# Ngô Quốc Anh

## May 1, 2008

### An integral inequality involving differentiable functions with continous derivatives

Filed under: Giải Tích 2 — Ngô Quốc Anh @ 16:31

In this entry, we address the following question

Let $f : [0,1] \to \mathbb R$ be a derivable function, with a continuous derivative $f'$ on $[0,1]$. Prove that if $f\left(\frac{1}{2}\right)=0$, then $\displaystyle\int^1_0 \left( f'(x) \right)^2 dx \geq 12 \left( \int^1_0 f(x) dx \right)^2$.

Solution.

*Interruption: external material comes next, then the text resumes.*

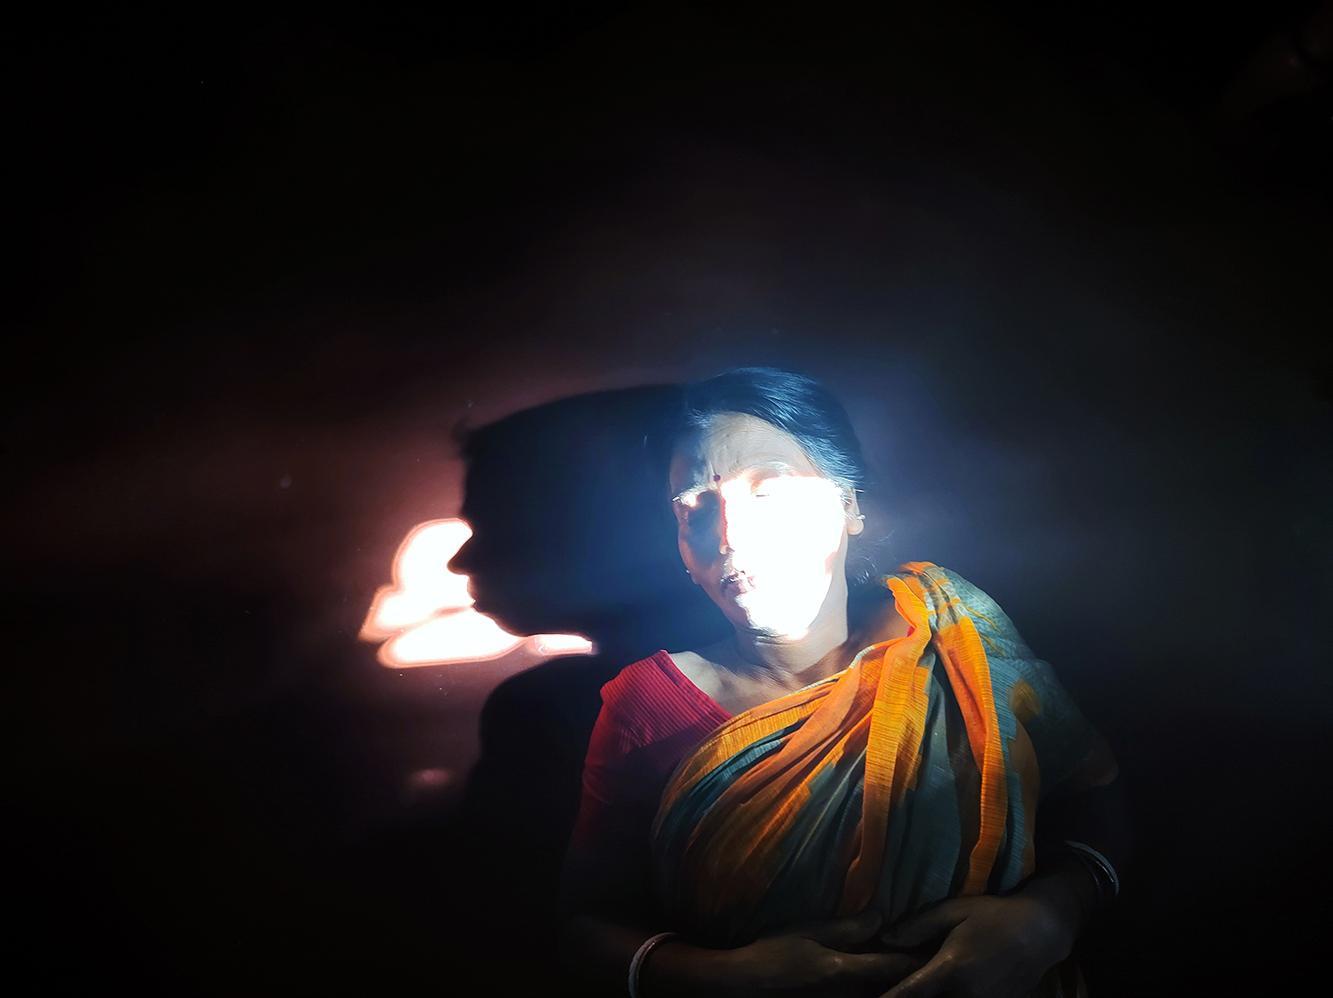 Photography image - Loading Ranita_Roy.jpg

The best possible constant comes from the $2$-norm of $\frac{1}{2}-x$. Since $\displaystyle \int_0^1 \left(\frac{1}{2}-x\right)^2 = \frac{1}{12},$

this constant is indeed $12$. We get equality if and only if $f'(x)$ is a real multiple of $\frac{1}{2}-x$.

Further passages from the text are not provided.